The parallels with Nigeria’s election cycle are irresistible. We vote, a winner is announced, they take office, ‘wobble and fumble’ about for three and a half years with eyes only for the next election, nothing changes, they start campaigning and all of a sudden it is time to vote again. Nothing changes.

We are confronted with the same problems that our octogenarian leaders promised to deal half a lifetime ago.

More relevant to the current post-1999 dispensation, the problems that the winners of next month’s elections are promising to solve haven’t changed much.

Electricity, fuel, education, security, healthcare and virtually every index of decent living standards have barely improved.

Indeed, some are now worse. There is virtually no development.

The result is a palpable cynicism and deep frustration with our seeming inability to break out of our own loop of repetition. One genuinely has to ask, what really is the point of government? If the people in charge of us cannot solve the issues that affect us the most, ‘What really is their use’? Why have they reduced the essence of governance to commissioning garishly “ultra-modern” buildings and roads that half a decent rainfall – acid rain, if you believe some governors – will sweep away?

This particular Groundhog Day has worsened by the economy growing slower than at any other time since 1999.

The current administration likes to make a song and dance of having done more with less but regardless of what the President would like to think, the figures simply do not bear out his facts.

Indeed, that a President who demonstrates such little understanding of the nuances of development or even his own government’s policies can stand such a strong probability of re-election tells its own story.

We will no doubt be shown pictures of new rail lines and freshly poured tar and, to be clear, these are not necessarily bad things.

However, we have been here before. Even the incumbent president at the last elections had those pictures.

Presidents and governors before them have all sought to demonstrate fidelity with these largely token things.

To borrow a phrase from the clergical-sounding media aide to the President, these things usually prove ephemeral, as scant regard is paid to the manpower training and maintenance culture that should ensure that they endure.

And what about the governors and legislators? State legislatures have been about as useful as chocolate teapots, virtually all of them being mere ‘governatorial’ rubber stamps.
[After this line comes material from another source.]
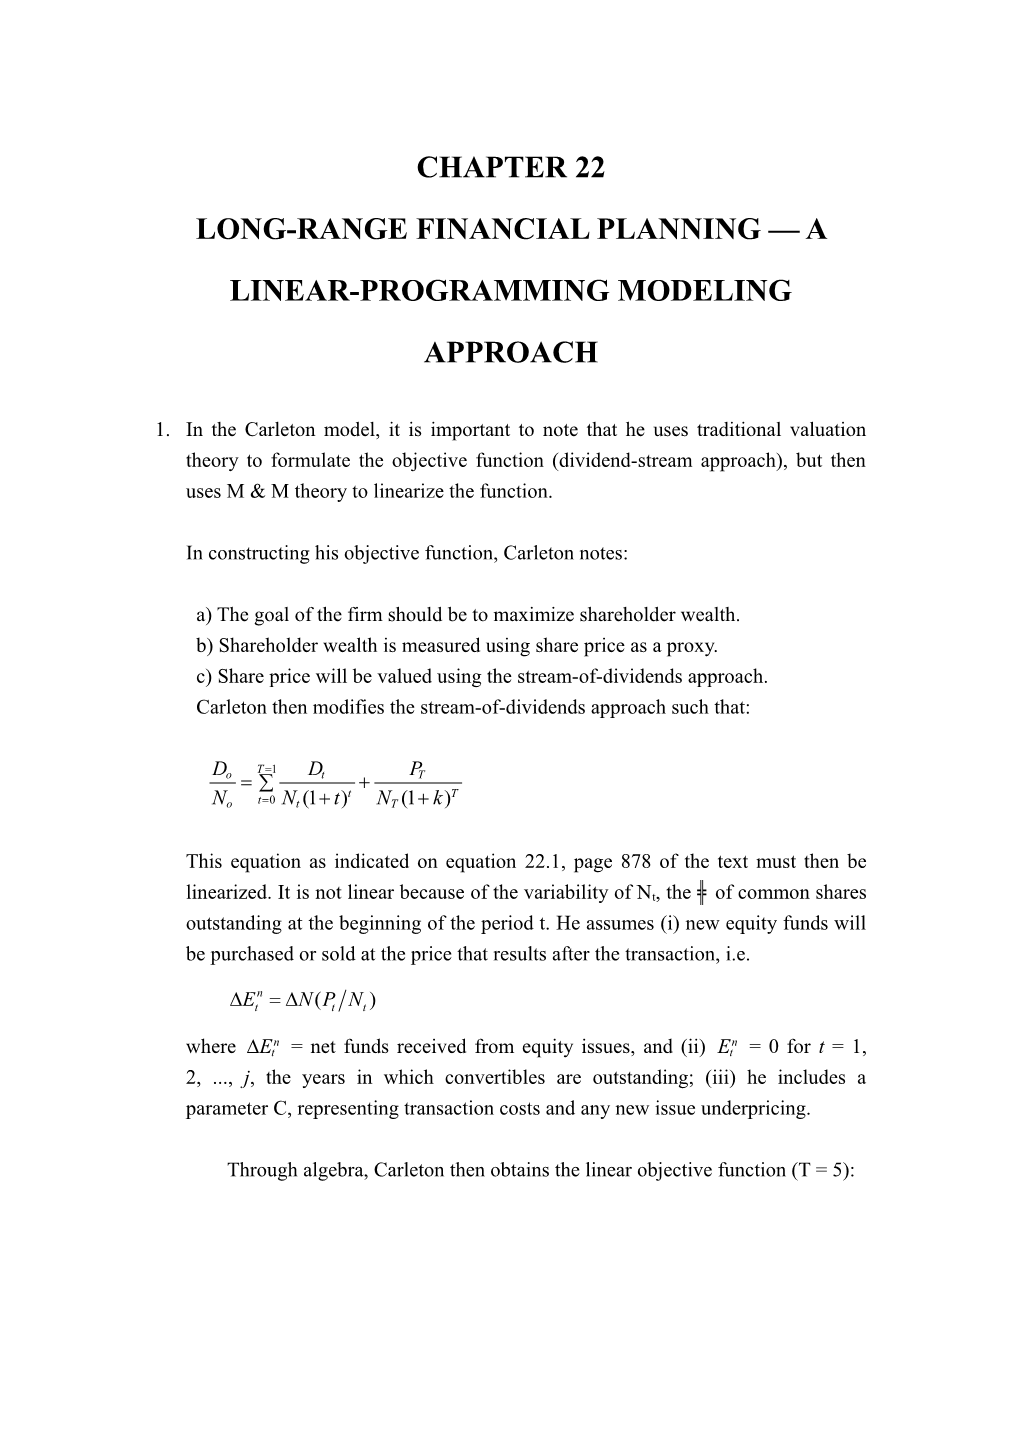 Long-Range Financial Planning a Linear-Programming Modeling Approach

Many governors have also shown an astonishing lack of vision or determination to be problem solvers and problem-solving would be my personal answer to the question on the use or role of government.
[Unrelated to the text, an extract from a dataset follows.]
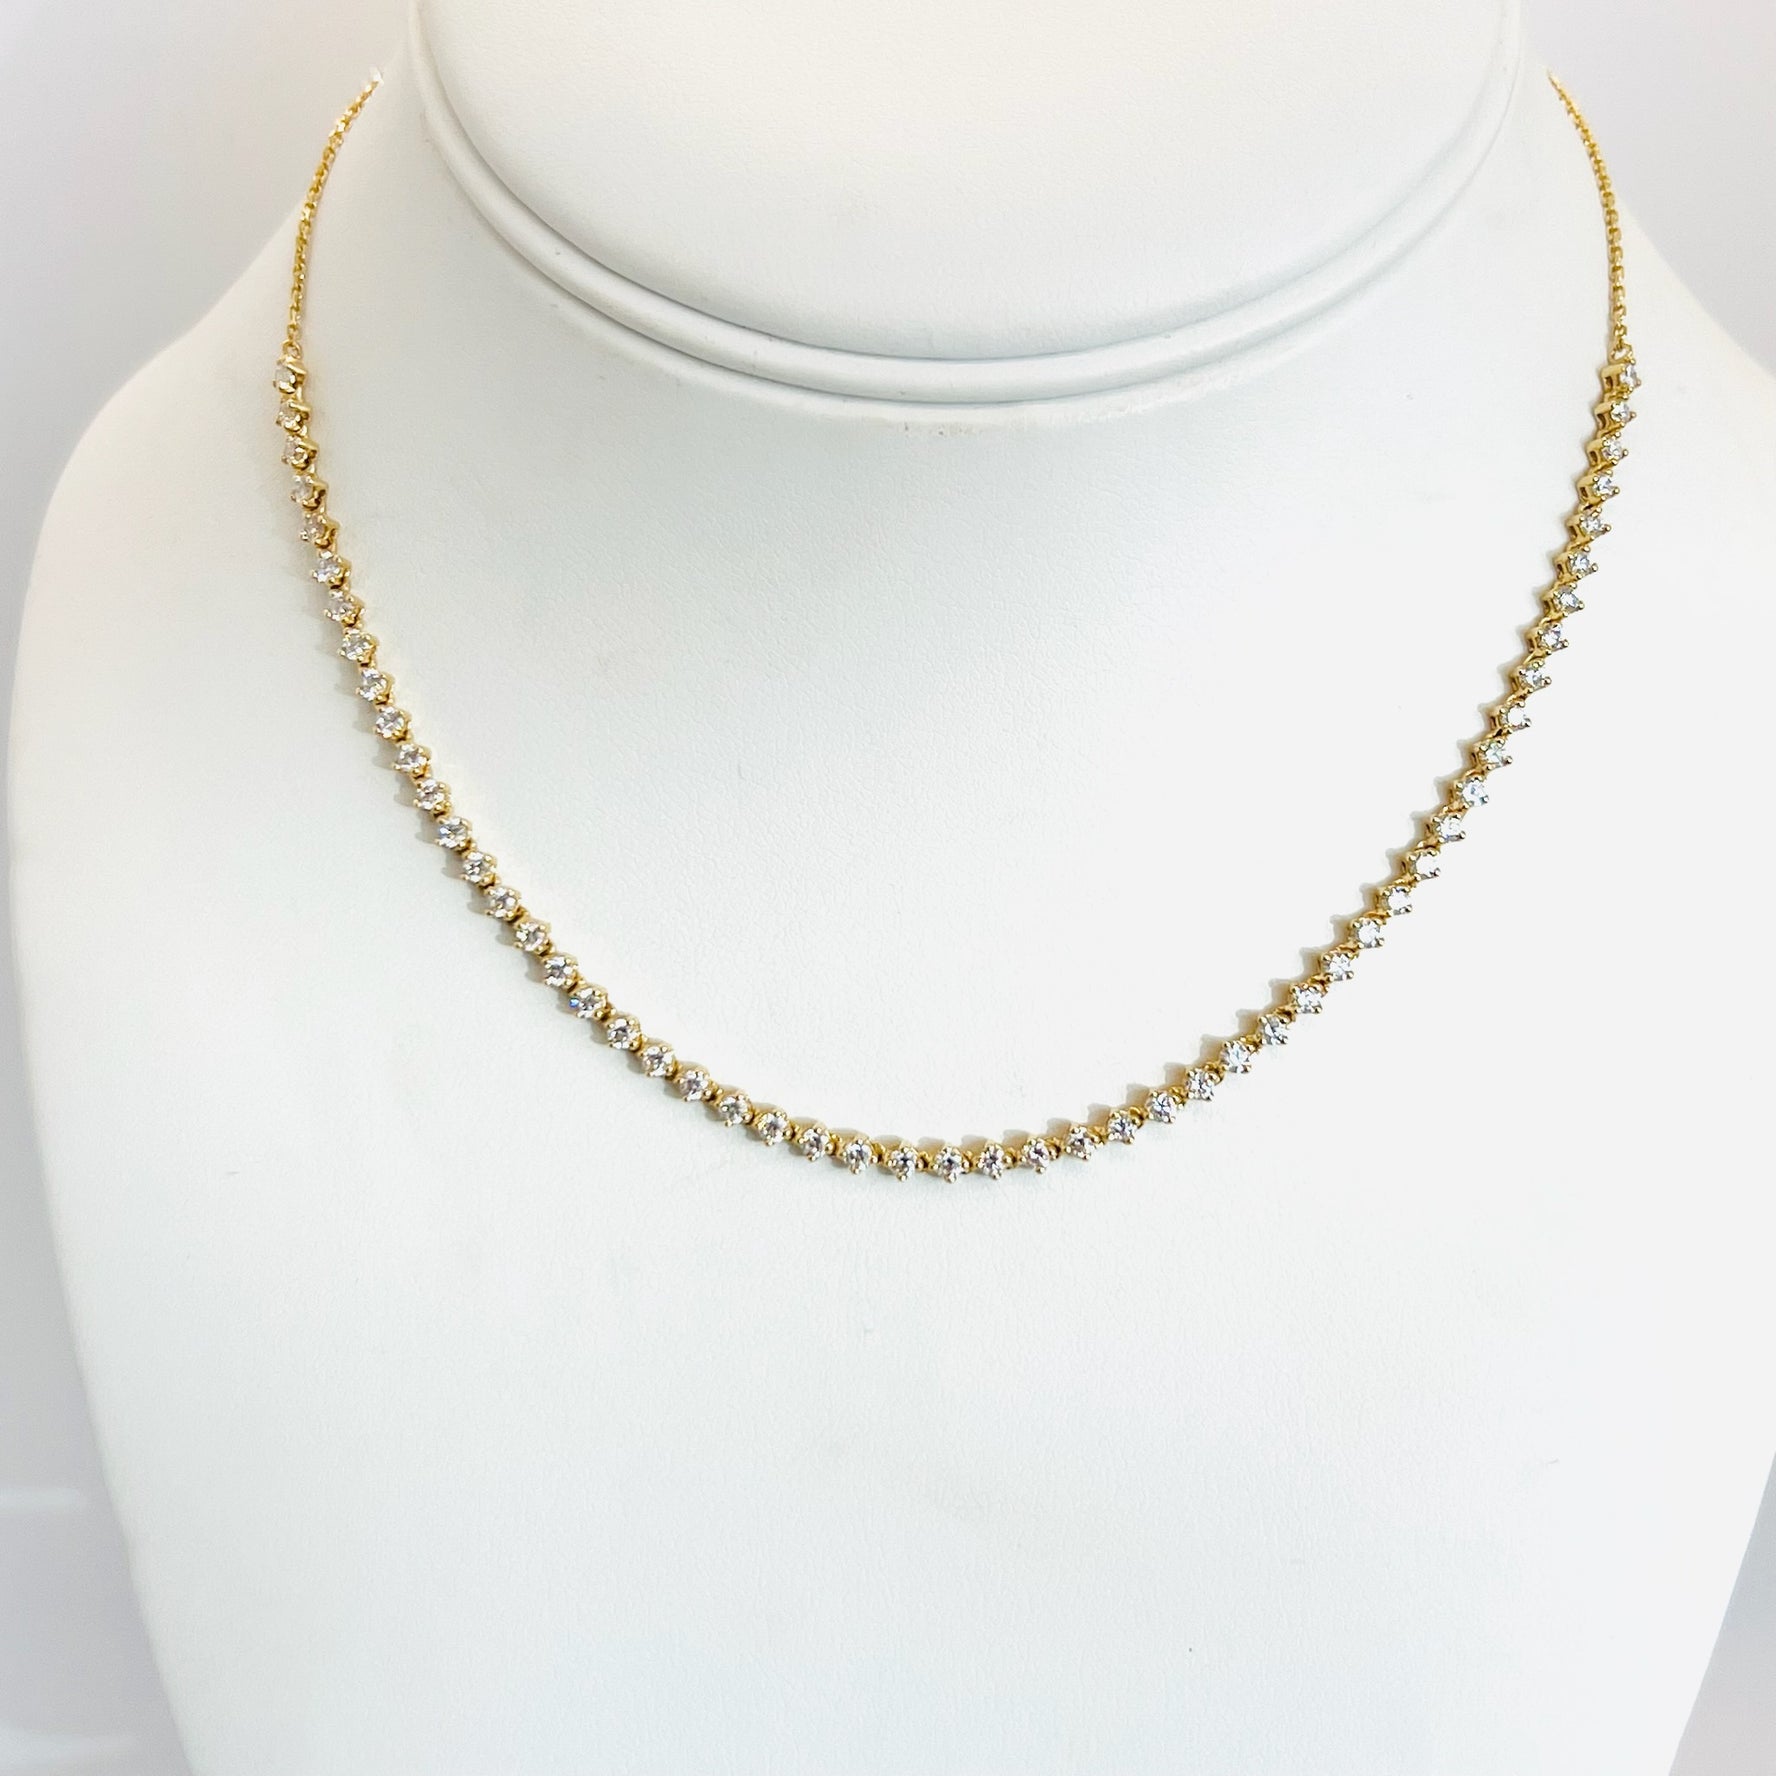 Adjustable 14k gold diamond tennis necklace

Yes, we want rail and good roads but we need to be able to travel them in safety from bandits and without harassment from the numerous law enforcement agencies.
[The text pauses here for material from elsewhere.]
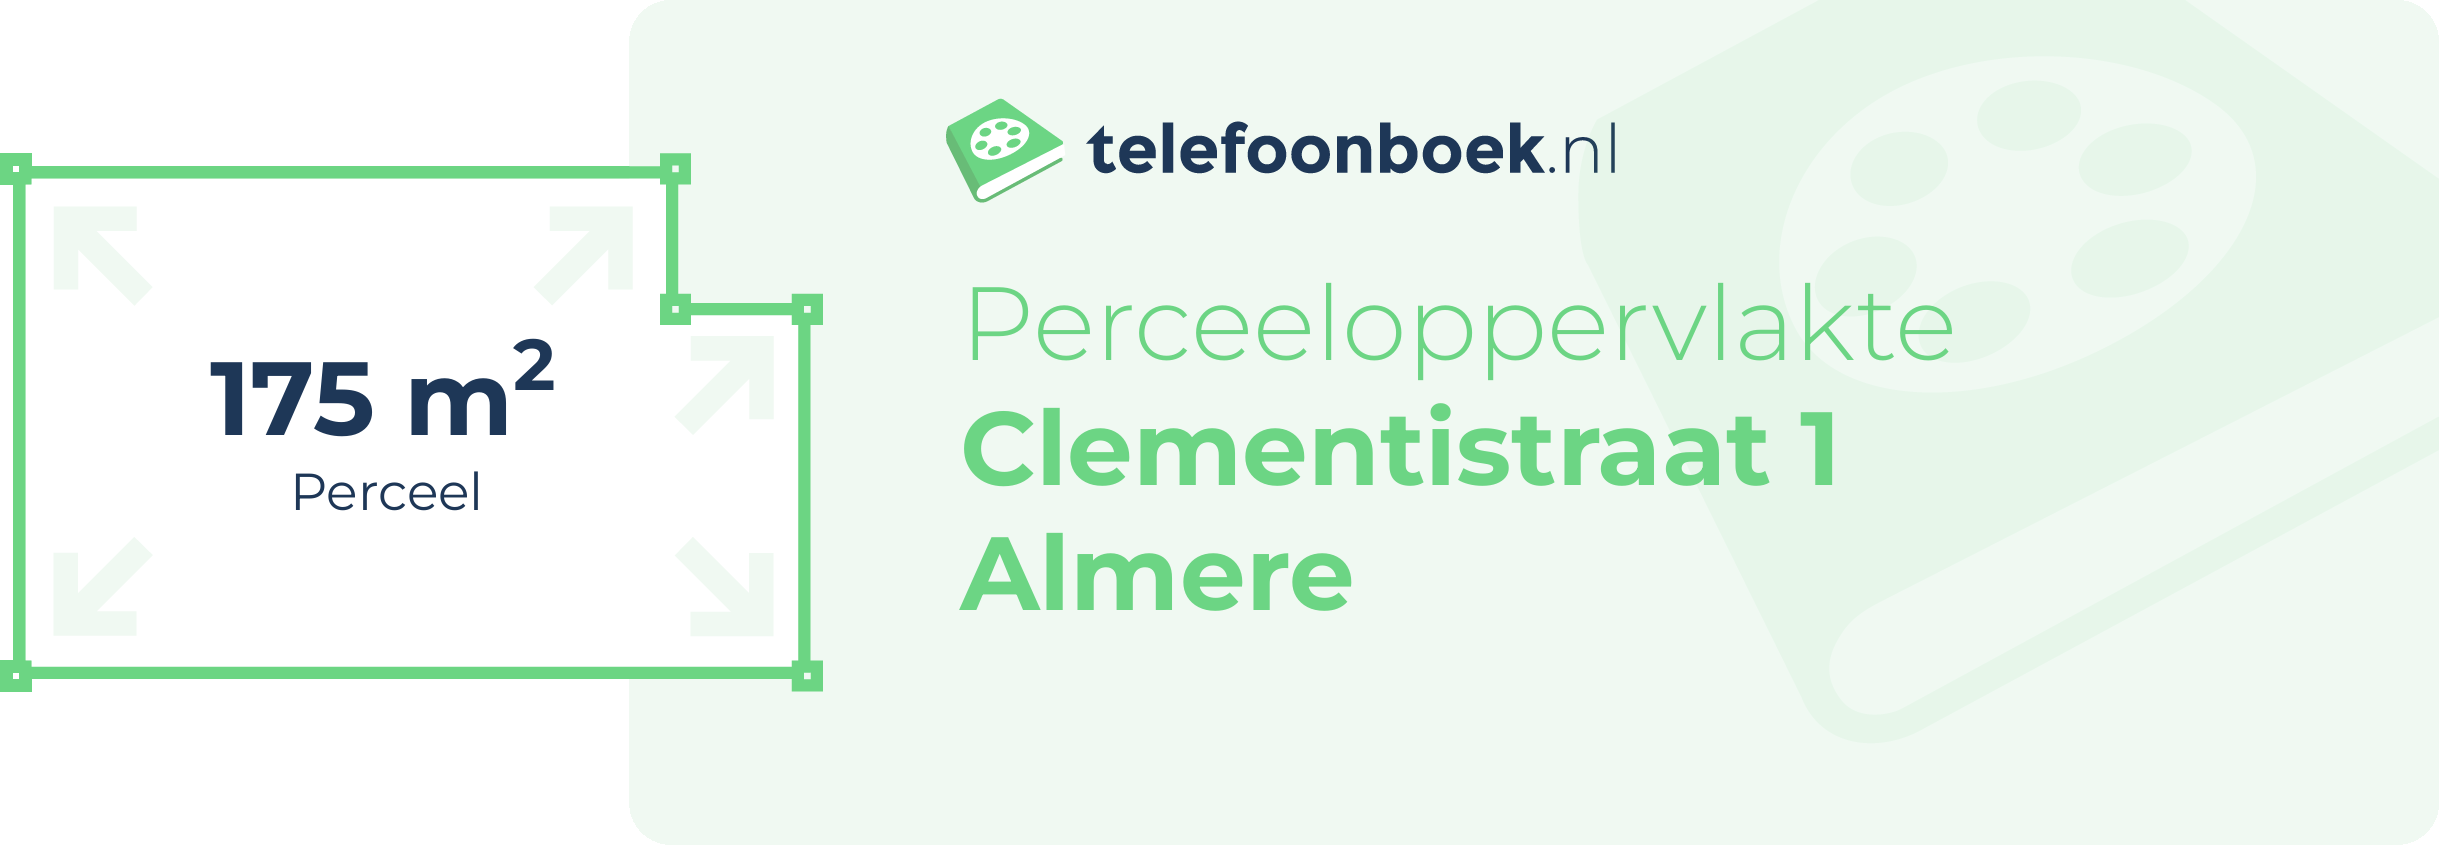 Perceeloppervlakte Clementistraat 1 Almere

Otherwise both traditional commerce and tourism won’t thrive.

More modern markets are a good thing but probably more important are hospitals, updated equipment and the personnel to make sure we do not die from diseases for which cures have long-since existed.

Yes, it’s great that it now costs less to register businesses but let us also have level playing fields (no government favourites), clear tax obligations and regulators that are far less trigger-happy.

How are we getting more children enrolled in school? How do we fix education so that Nigerian students graduate prepared to compete with their counterparts from the rest of the world? How do we decongest Lagos and open up further cities to commerce? The availability of portable water in each home, 21st century urban planning, cleaner air?

These are types of problems our leaders need to fix to stop others from referring to us a ‘s&*thole’ country. The solutions are the kind that will end our groundhog day. This is the kind of governance we desperately need.

We are tired of the groundhog day but it clearly favours our ruling class.

For them, the less they change, the more likely it is that they will be stuck at the top of our food chain. But the country cannot carry on like this for much longer and we must demand infinitely more from whoever the winners of February’s elections are than we are getting now. Government should be and must become useful to ordinary people.